Simply Sue: Two Left Feet and the Lumberjacks
So what would you do if you were stuck in a loggging camp with a woman with two left feet? Another inimitable Sue Papworth escapade.
I was stuck in a logging camp with a woman with two left feet, whilst a large dog and something on wheels of a size generally reserved for paddle steamers were bearing down on us at a rate of knots.
The scooter was rapidly sinking into the mud. This sort of thing generally happens to folk after too much cheese, but for us it was pretty much par for the course on a damp Friday.
It was a pretty serious dog, with teeth and an attitude, and it didn’t like the look of us at all. The feeling was mutual. I didn’t like the look of the dog much either.
There seemed to be rather a lot of large men in checked shirts and hard hats about, but clearly singing the lumberjack song was not going to be helpful.
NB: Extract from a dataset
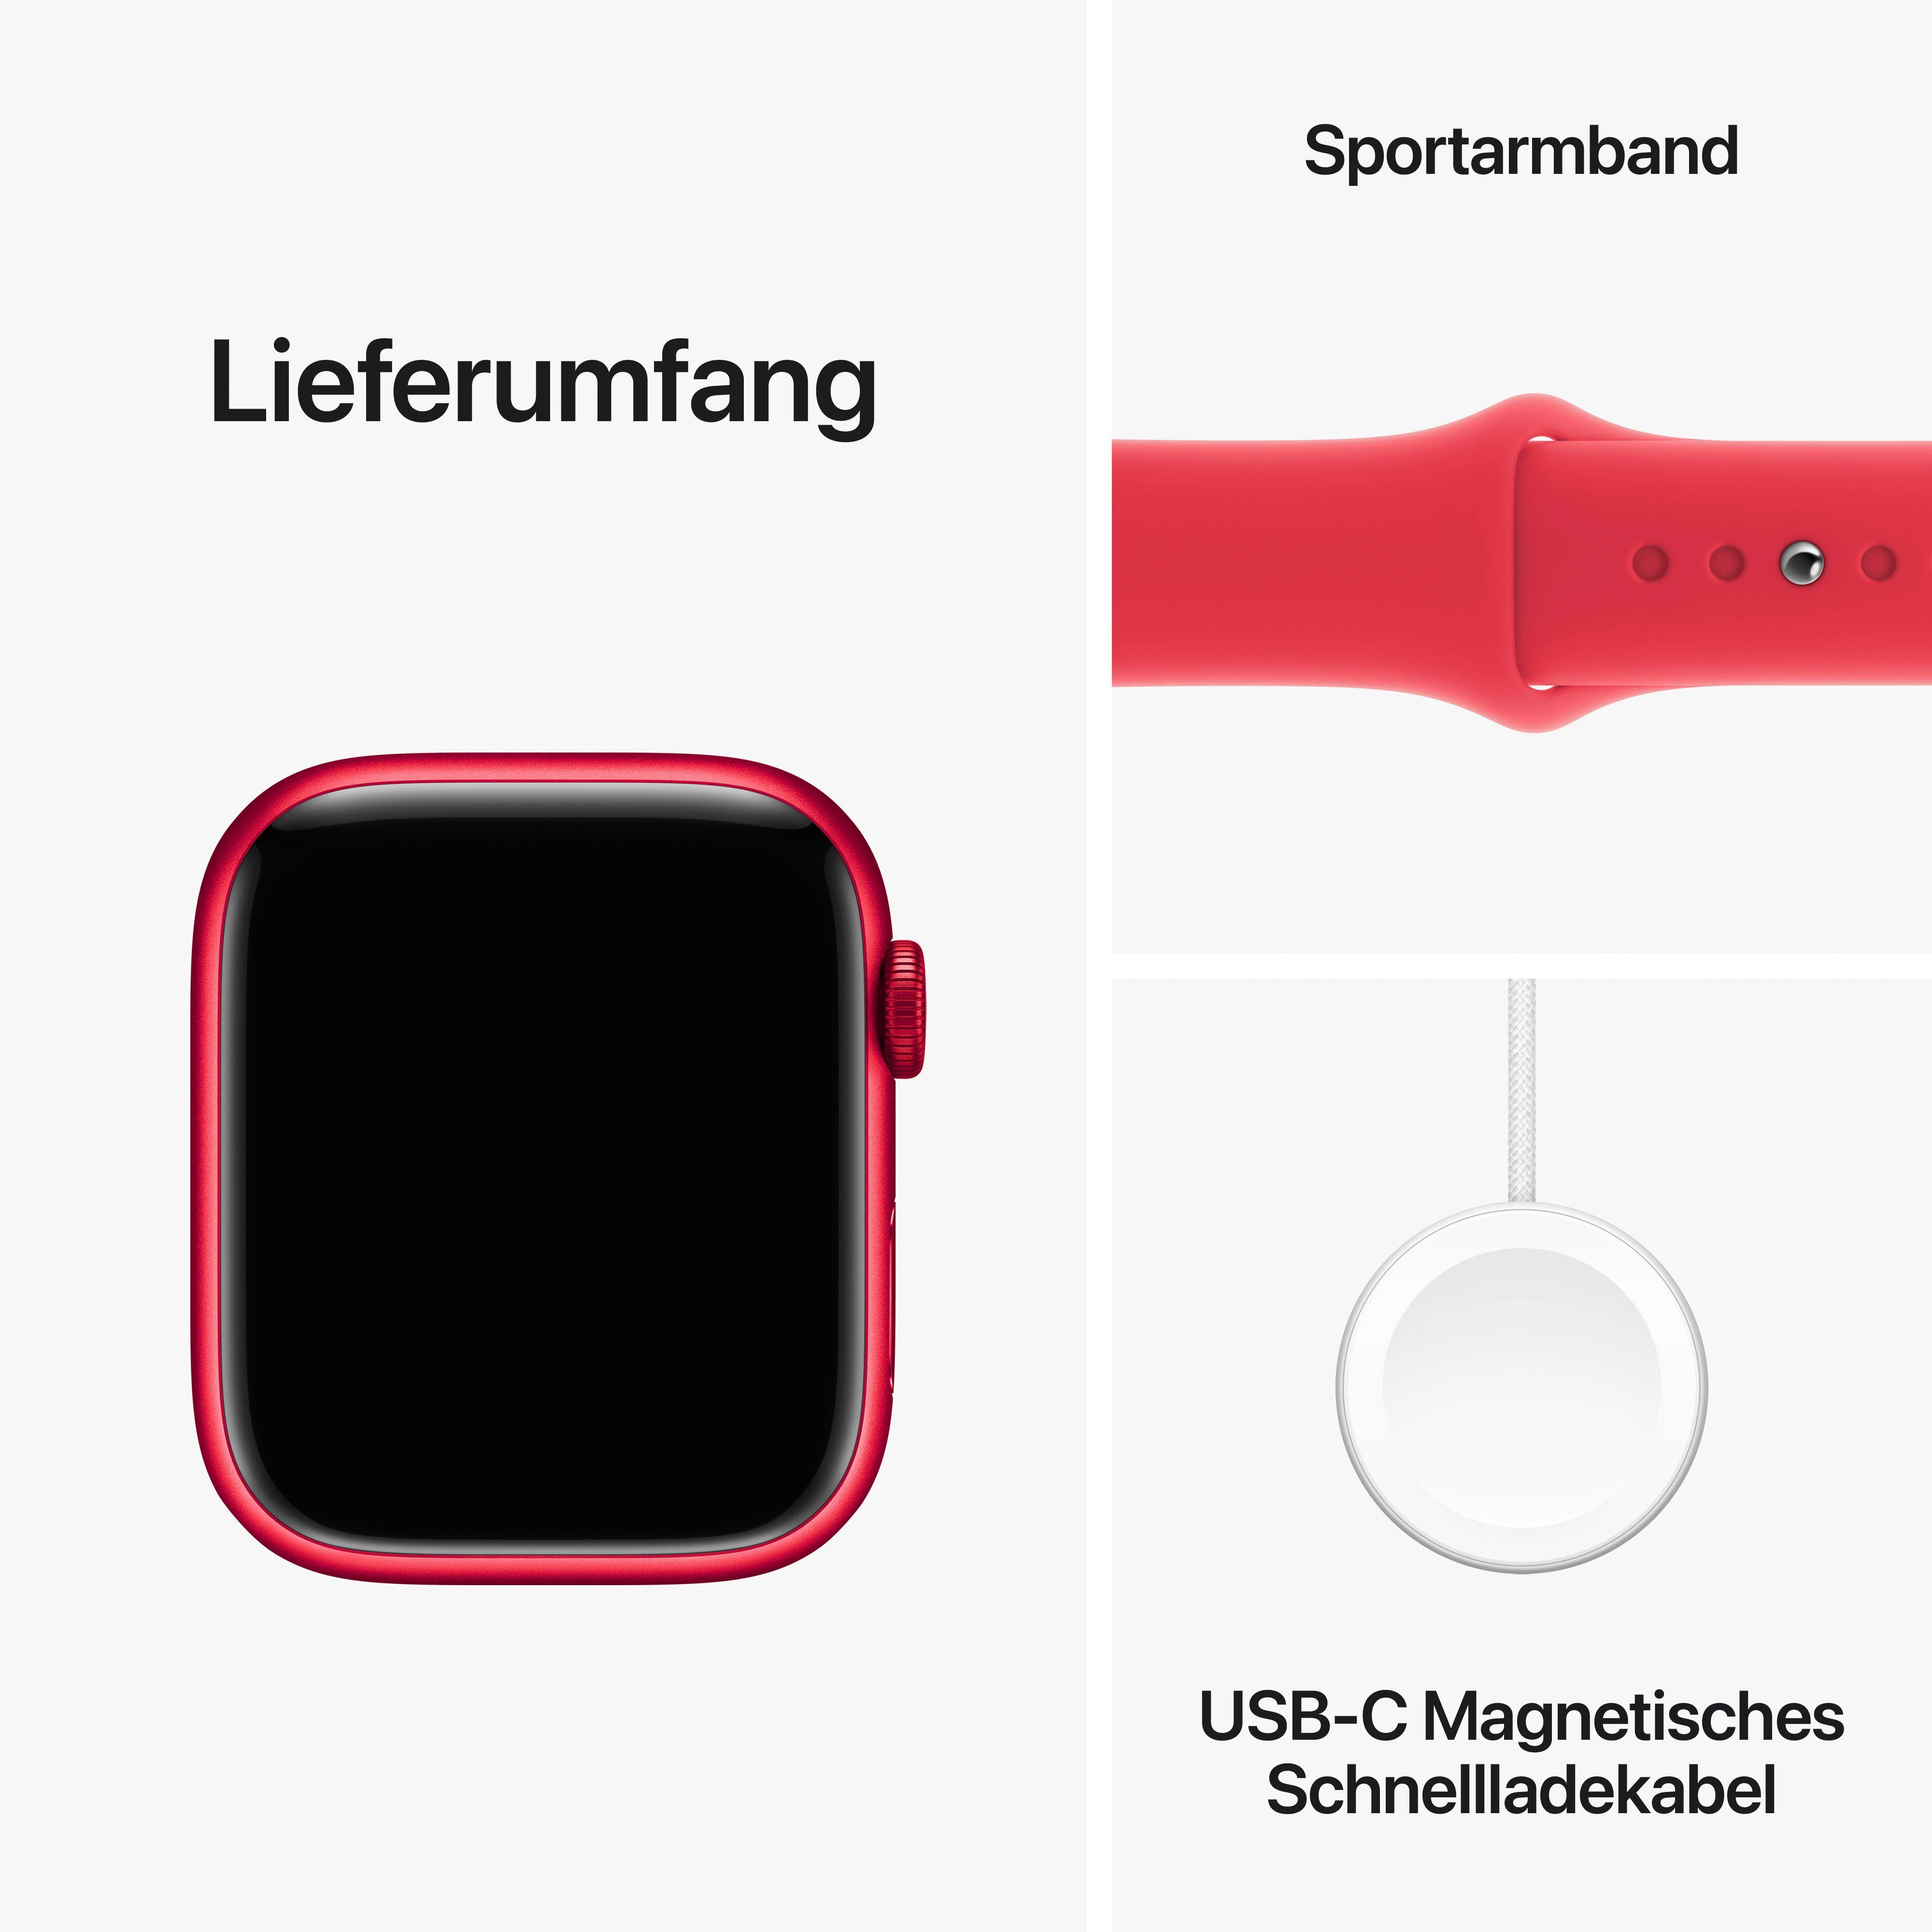 Apple 45mm Series GPS OS 9 Zoll, M/L Aluminium Smartwatch Band cm/1,77 Watch Sport (4,5 Watch 10),

They none of them looked as if they wore high heels, even on a day off.
All the same, we were pleased that they were approaching almost as fast as the slathering hound.
The scooter went on having that sinking feeling. The dog ended up being pretty friendly, and the lumberjack in specs was most helpful. He said that we were trespassing, but if we were actually trying to get somewhere on the other side of the woods, he’d make an exception for the lady on the waterlogged contraption.
When we said that we were more lost and just pottering about rather than actually going anywhere, he pointed us back in the general direction of the woodland walk (we’d gone wrong at the bit where they’d actually cut all the trees down and dug up the path).
So we set off hunting bluebells, and the guys with the chainsaws trudged off purposefully into the wildlife reserve.
The track he’d pointed us down led us to a wide beech avenue, with the odd ray of sun coming through the canopy, a very satisfactory carpet of bluebells, and birds singing like anything.
A bit further on, a break in the trees gave us a view of a wide stretch of green wooded country that could have been anywhere on Middle Earth. Of the chainsaws and juggernauts there was not a whisper.
Sometimes getting lost can be a very good idea.
On the way back to Blunderbus, my friend was showing a distinct tendency to list to the port side, and paused to swap her shoes over onto the opposite feet.
I started to cackle.
“Oh god,” she said, lurching on in a distinctly lopsided manner, “I can feel a column coming on!”
“Names will be changed to protect the guilty,” I said.
We’d been in a bit of a hurry setting off, and my companion had seized a pair of old trainers suitable for trudging through mud as she’d left the house. Unfortunately, they turned out to be not so much a pair, as two left ones.
It was a toss-up between those or sandals for the woods, and one look at the path and she ditched the sandals. Hence the somewhat lurching gait of a person wearing two sinister shoes.
“It’ll fox anyone trying to track us,” she said.
True.
Looking behind us, it looked like someone had been hopping drunkenly along beside me.
So in a spirit of pure charity, I would appeal to some kind soul out there to go find the group of boy scouts who are still trying to find a very small tank and a one-legged athlete lurking in the heart of a nearby wood.
Then again, we could go down in legend.